А когда я отказывался отвечать так, как ему было нужно, он молча кивал двум своим помощникам, стоявшим за моей спиной. И начиналось… И главное — все как-то буднично, по-рабочему. Как будто они не человека били, а гвозди забивали.
Камера. Четыре шага от стены до стены. Маленькое, зарешеченное окно под самым потолком, через которое виден только клочок серого, враждебного неба. Тяжелая, окованная железом дверь с глазком, в который время от времени заглядывает безликое лицо надзирателя. И этот звук, от которого стынет кровь — тяжелый, скрежещущий поворот ключа в замке. Он отмеряет мою новую жизнь: утром — подъем. Три приема пищи. Допрос. Вечером — отбой. А между ними — пустота, наполненная болью и страхом.
Трижды в день в окошко в двери просовывают миску с баландой. Теплая, мутная жижа, в которой плавает несколько разваренных капустных листьев, несколько долек картофеля и кусок липкого, сырого хлеба. Не разгуляешься!
Но самое скверное — не холод, не голод и не боль. Хуже всего — страх забвения, предчувствие, что мое личное дело затеряется в бесконечных папках этого чудовищного, бездушного ведомства, и я так и сгнию здесь, в этом каменном мешке, безымянной песчинкой, раздавленной безжалостными жерновами истории.
Кто-нибудь вспомнит обо мне? А может, те, кто может вспомнить, тоже уже здесь, в соседних камерах? А если и нет — откуда знать им, где меня искать? А родители? Даже если и дойдет до них весть — что они смогут сделать?
В окне камеры темнеет — это опускается ночь. Боль немного отпускает, и я лежу на нарах, смотрю на казенную синюю облупившуюся стену и слушаю тишину.

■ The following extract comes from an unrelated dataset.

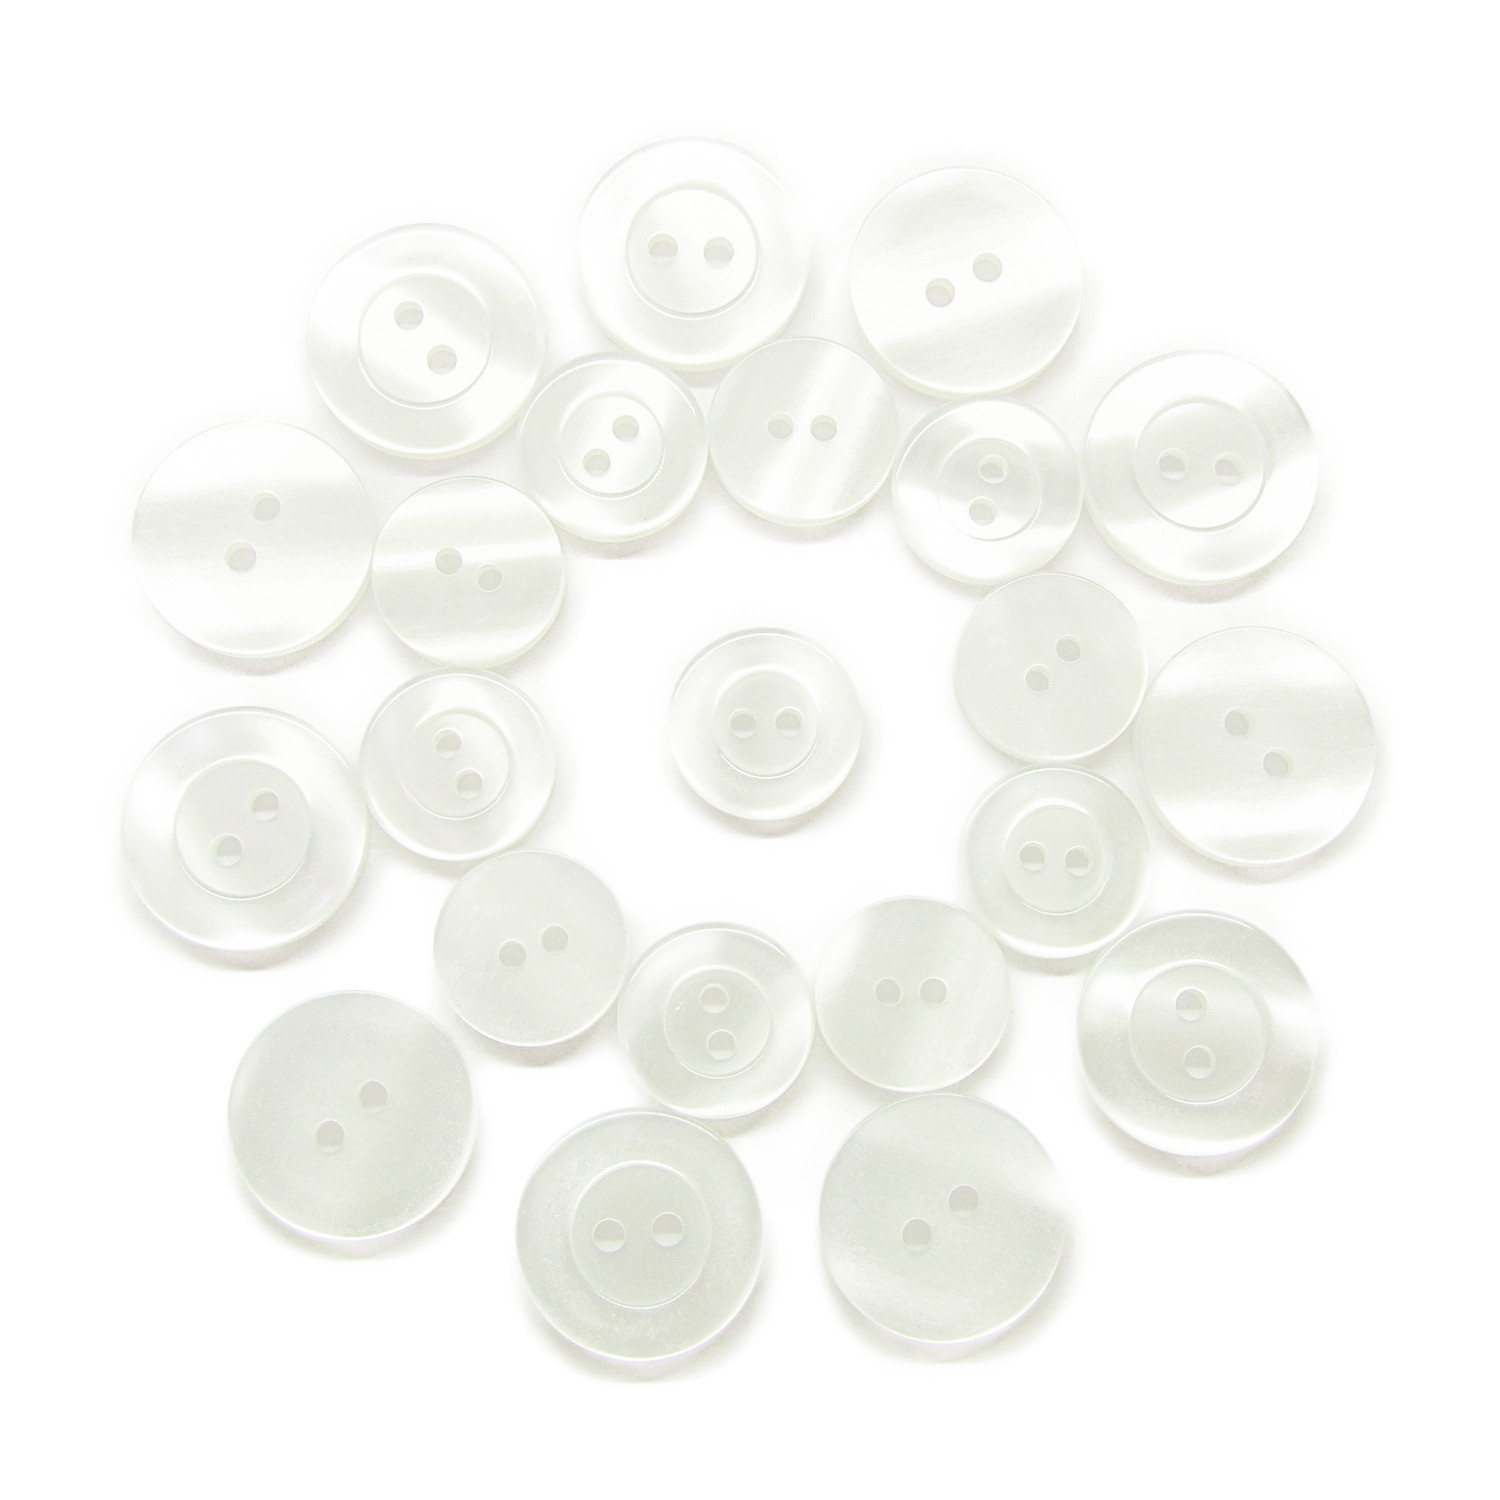 ButtonMode Lab Coat Buttons Full Set includes 11 Jacket Front Buttons x 19mm (3/4 Inch), 11 Jacket Sleeve Buttons x 15mm (5/8 Inch), 22-Buttons
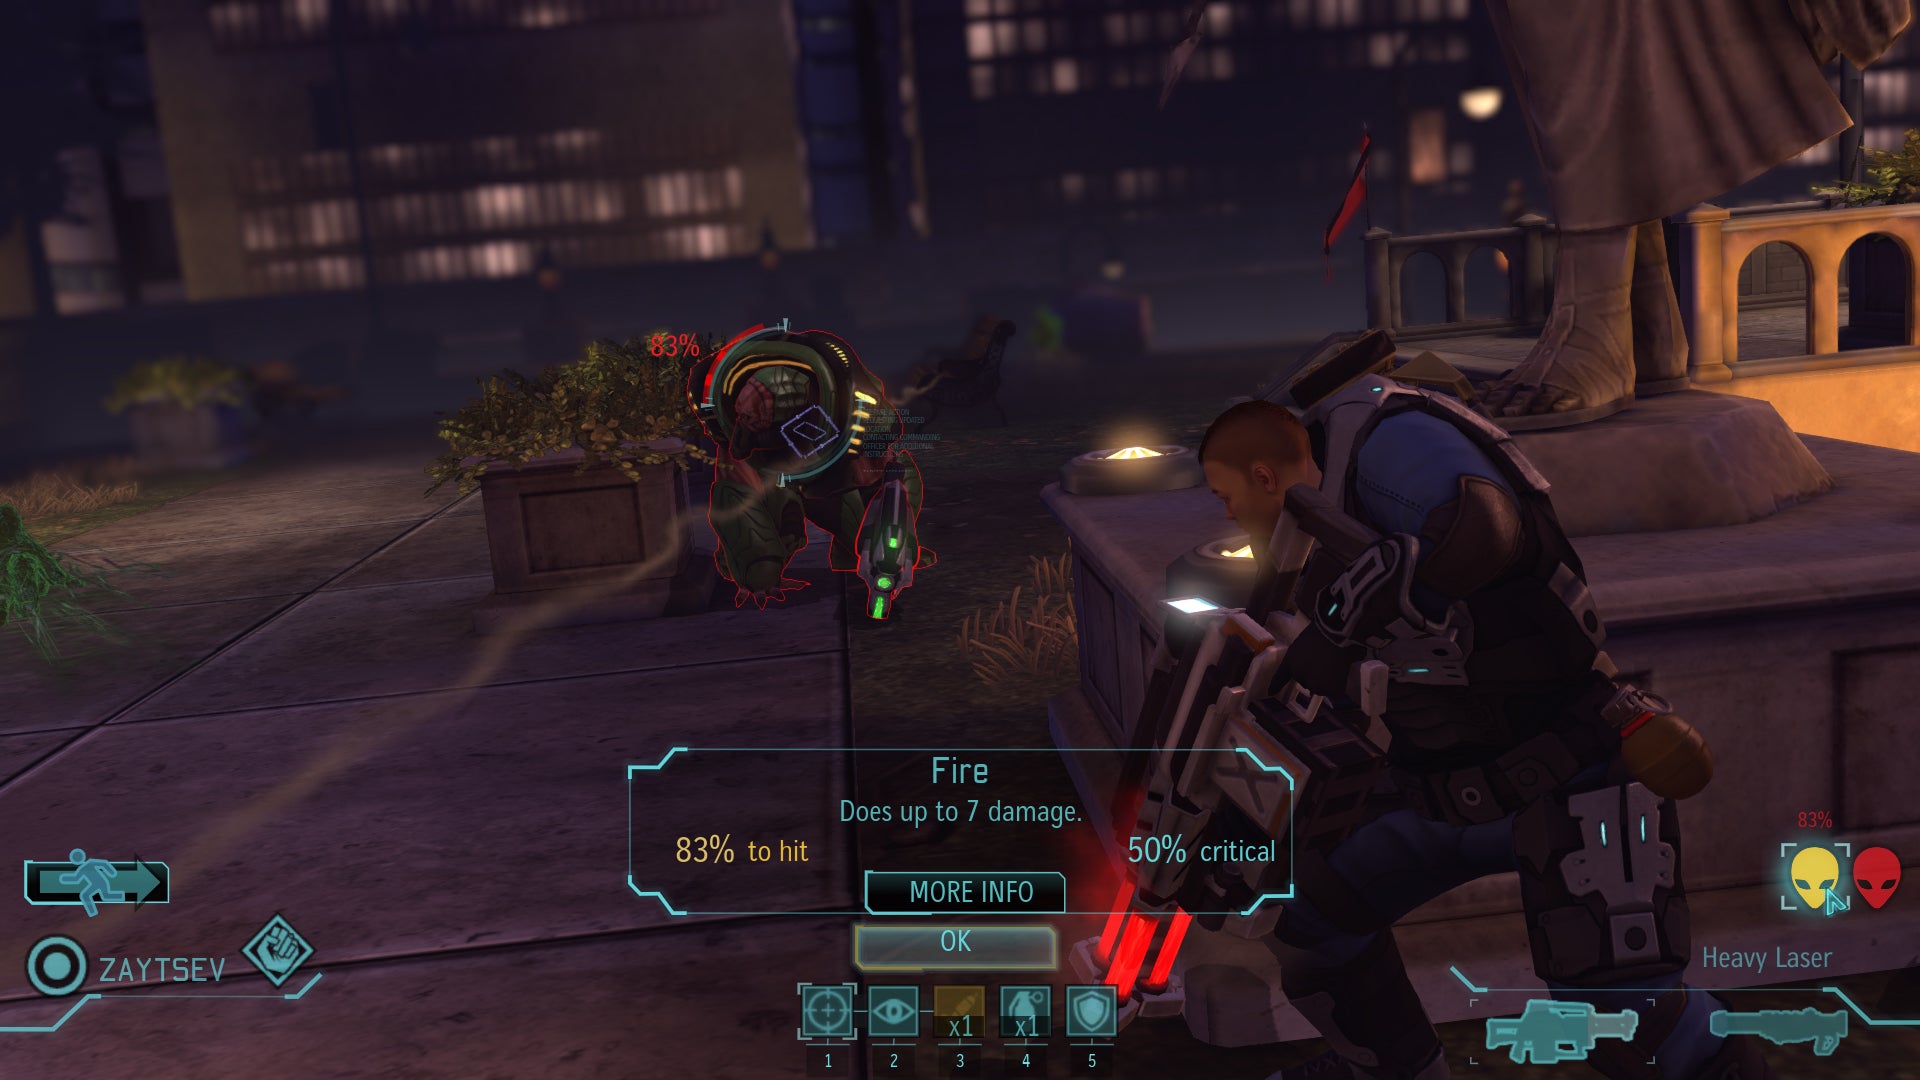 Aiming at a Muton in an XCOM: Enemy Unknown screenshot.

Интересно, удастся ли мне выбраться отсюда? И главное — когда? Или это уже все? На дворе ноябрь 1927 года, и вот, вместо успешного продвижения по партийной лестнице я — в политизоляторе. Побитый, раздавленный, почти потерявший надежду. Глупо. До чего же, черт возьми, все глупо получилось.
За полтора года до описанного события
Тот вызов в Москву и разговор со Сталиным стал поворотной точкой в моей судьбе. После окончания разговора меня не отправили в тюрьму, как я больше всего опасался, а заселили
на пару дней в комнату в бывшем доходном доме, использующемся сейчас как гостиница. И лишь спустя два дня последовал новый вызов к товарищу Сталину.— Праходите, товарищ Брэжнев.
— Рад, что вы так быстро вспомнили обо мне, — невольно от нервов и томительного двухдневного ожидания вырвалось у меня.
— Я все помню, таварищ Брэжнев, — сказал он холодно и официально. — И письма твои тоже помню. И про пионэров, и про радио. Хорошие письма, правильные. С государственным подходом. И вот это твое последнее… про коренизацию… тоже интэресное.
У меня отлегло от сердца. Судя по тону Сталина, кажется, буря миновала.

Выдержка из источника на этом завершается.